A variation of Borel-Cantelli Lemma 2

Question

This problem is from my midterm. I have not solved it since.

"Given a measure space $(X,M,\mu)$ and measurable sets $A_1,A_2,\dots$ s.t. $$\sum \mu(A_i)^2<\infty. $$ Give an example where the above condition is satisfied and $\mu(\cap_{m=1}^\infty \cup_{i=m}^\infty A_i)>0$. "

So I think of this example $A_i=(i,i+1/i)$. Clearly it does satisfy the above condition but does not satisfy the condition of Borel-Cantelli Lemma, so this may be the right example. But I cannot calculate $\mu(\cap_{m=1}^\infty \cup_{i=m}^\infty A_i)$ since clearly we cannot use continuity from above with the infinite intersection. Is is the right approach? How do I proceed?

Other examples would be great, too.

Thanks in advance

Answer 1

Let $(X_n)_{n\geq 1}$ be a sequence of independent Bernoulli random variables with $\mathbb{P}\{X_n=0\} = \frac{1}{n}$ for all $n\geq 1$. Consider the events $$ A_n \stackrel{\rm def}{=} \{X_n =0\} $$ so that $\mathbb{P}(A_n)=1/n$. Clearly, we have $\sum_{n=1}^\infty \mathbb{P}(A_n)^2 < \infty$. However, by the second Borel-Cantelli lemma, $$ \mathbb{P}(\limsup_{n\to\infty}A_n) = 1 > 0 $$ (since the events are independent, and $\sum_{n=1}^\infty \mathbb{P}(A_n) = \infty$).

Answer 2

It is worth noting that you can do without the second Borel Cantelli lemma, exactly as you intuited.

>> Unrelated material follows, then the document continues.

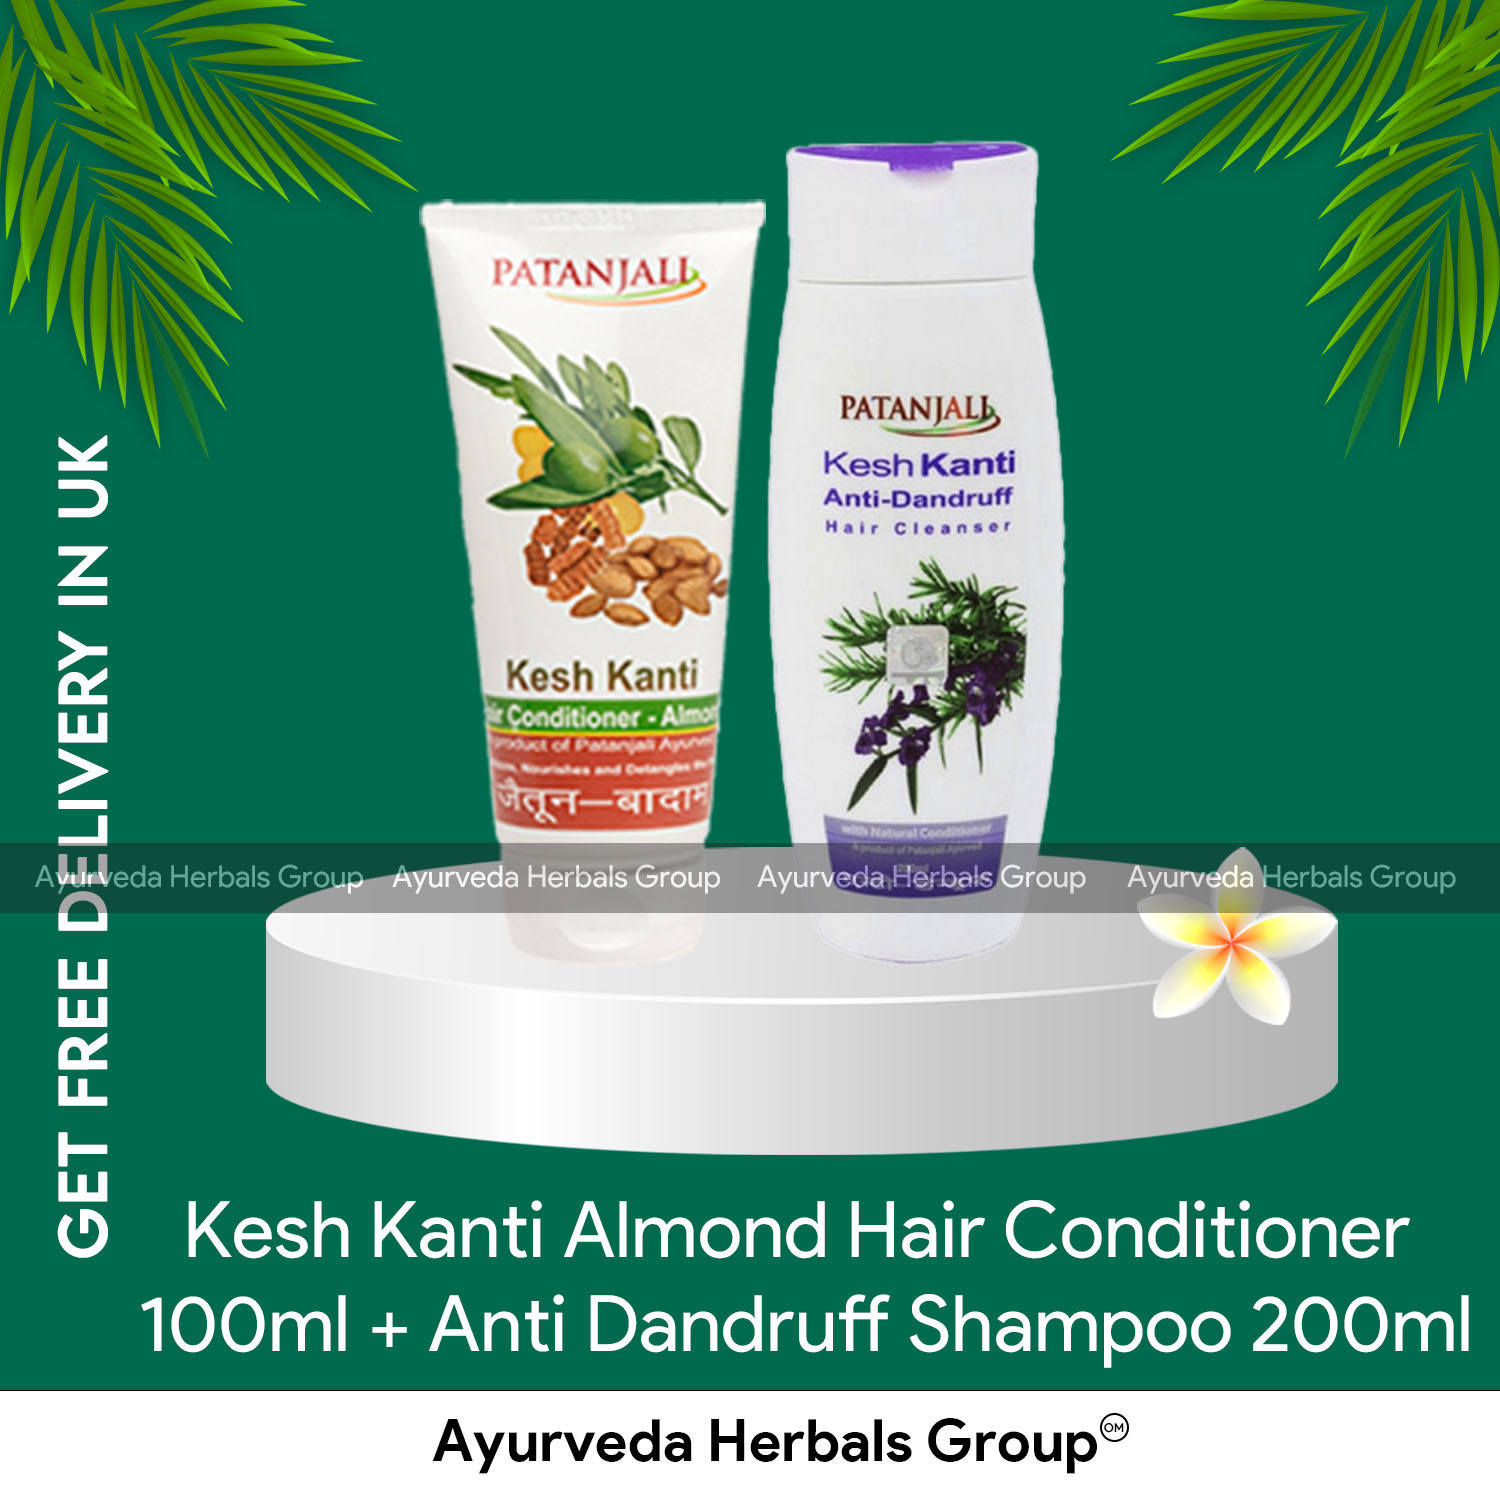 Patanjali Kesh Kanti Almond Hair Conditioner 100ml+Anti Dandruff Shampoo  200ml |

On $[0,1]$ embedded with the Lebesgue measure measure on the Borel sets (hence a probability measure), consider $H_i$ the $i$-th harmonic number $H_i=\sum_{1 \le j \le i} 1/j$

Set

• $A_i=(\text{fractional part of }H_i, \text{fractional part of} H_{i+1})$ if $H_i$ and $H_{i+1}$ have the same integer part,
• $A_i =\emptyset$ otherwise.

Then it is not hard to prove that $$\limsup A_i=]0,1[,$$ hence has Lebesgue measure 1.

(Any increasing diverging sequence whose increments vanish in such a way their squares are summable will also do).